When, therefore, the great lords, the emperor, pope, cardinals, and bishops are hostile and wrathful toward us because of all this, excommunicate us, and would gladly burn and murder us all, we must suffer it and say: We did not start this on account of the pope, the bishops, and the princes, nor shall we stop it on account of them. Christ says, “Come to Me, all who labor and are heavy-laden” [Matt. 11:28], and it is as though He were saying: Just stick to Me, hold on to My Word and let everything else go. If you are burned and beheaded for it, then have patience, I will make it so sweet for you that you easily would be able to bear it. It has also been written of St. Agnes that when she was led to prison to be killed, it was to her as if she were going to a dance. Where did she get this? Ah, only from this Christ, from believing this saying, “Come to Me, all who labor and are heavy-laden, and I will give you rest.” That is to say: If things go badly, I will give you the courage even to laugh about it; and if even though you walk on fiery coals, the torment shall nevertheless not be so severe and the devil shall nevertheless not be so bad, and you will rather feel that you are walking on roses. I will give you the heart to laugh even though Turk, pope, emperor, and everybody else be filled with horrible wrath and rage. Only come to Me; and if you are facing oppression, death, or torture, because the pope, the Turk, and emperor are attacking you, do not be afraid; it will not be heavy for you, but light and easy to bear, for I give you the Spirit, so that the burden, which for the world would be unbearable, becomes for you a light burden. For when you suffer for My sake, it is My yoke and My burden, which I lay upon you in grace, that you may know that this your suffering is well pleasing to God and to Me and that I Myself am helping you to carry it and giving you power and strength to do so. So also say Ps. 31 [:24] and Ps. 27 [:14]: “Let your heart take courage, all you who wait for the Lord,” i.e., all you who suffer for His sake.

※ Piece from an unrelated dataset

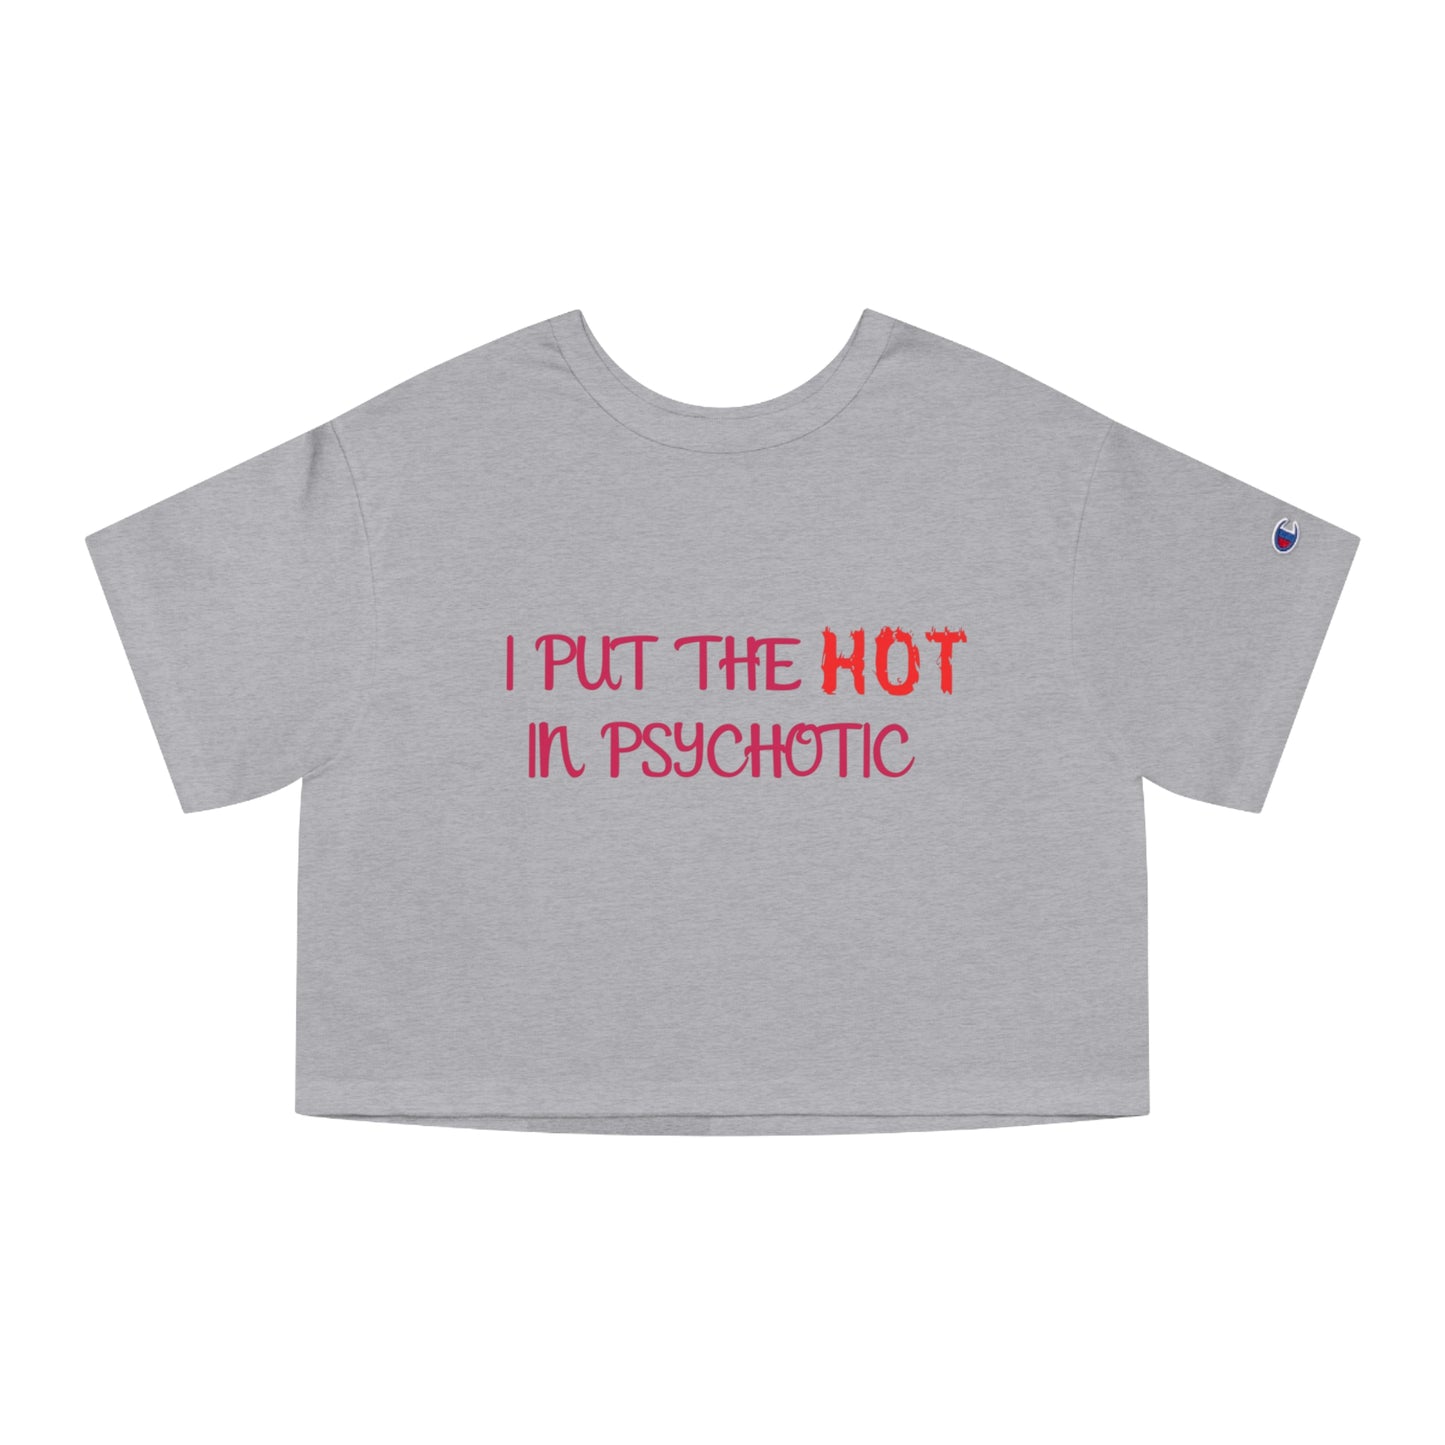 "I put the HOT in Psychotic" - Champion Crop Top

Let misfortune, sin, death, and whatever the devil and the world loads upon you assail and assault you, if only you remain confident and undismayed, waiting upon the Lord in faith, you have already won, you have already escaped death and far surpassed the devil and the world.
Lo, this means that the wise of this world are rejected, that we may learn not to think ourselves wise and to put away from our eyes all great personages, indeed, to shut our eyes altogether, and cling only to Christ’s Word and come to Him, as He so lovingly invites us to do, and say: Thou alone art my beloved Lord and Master, I am thy disciple.
This and much more might be said concerning this Gospel, but I am too weak and we shall let it go at that.
[1] Martin Luther, Luther’s Works, Vol. 51: Sermons I, ed. Jaroslav Jan Pelikan, Hilton C. Oswald, and Helmut T. Lehmann, vol. 51 (Philadelphia: Fortress Press, 1999), 381–392.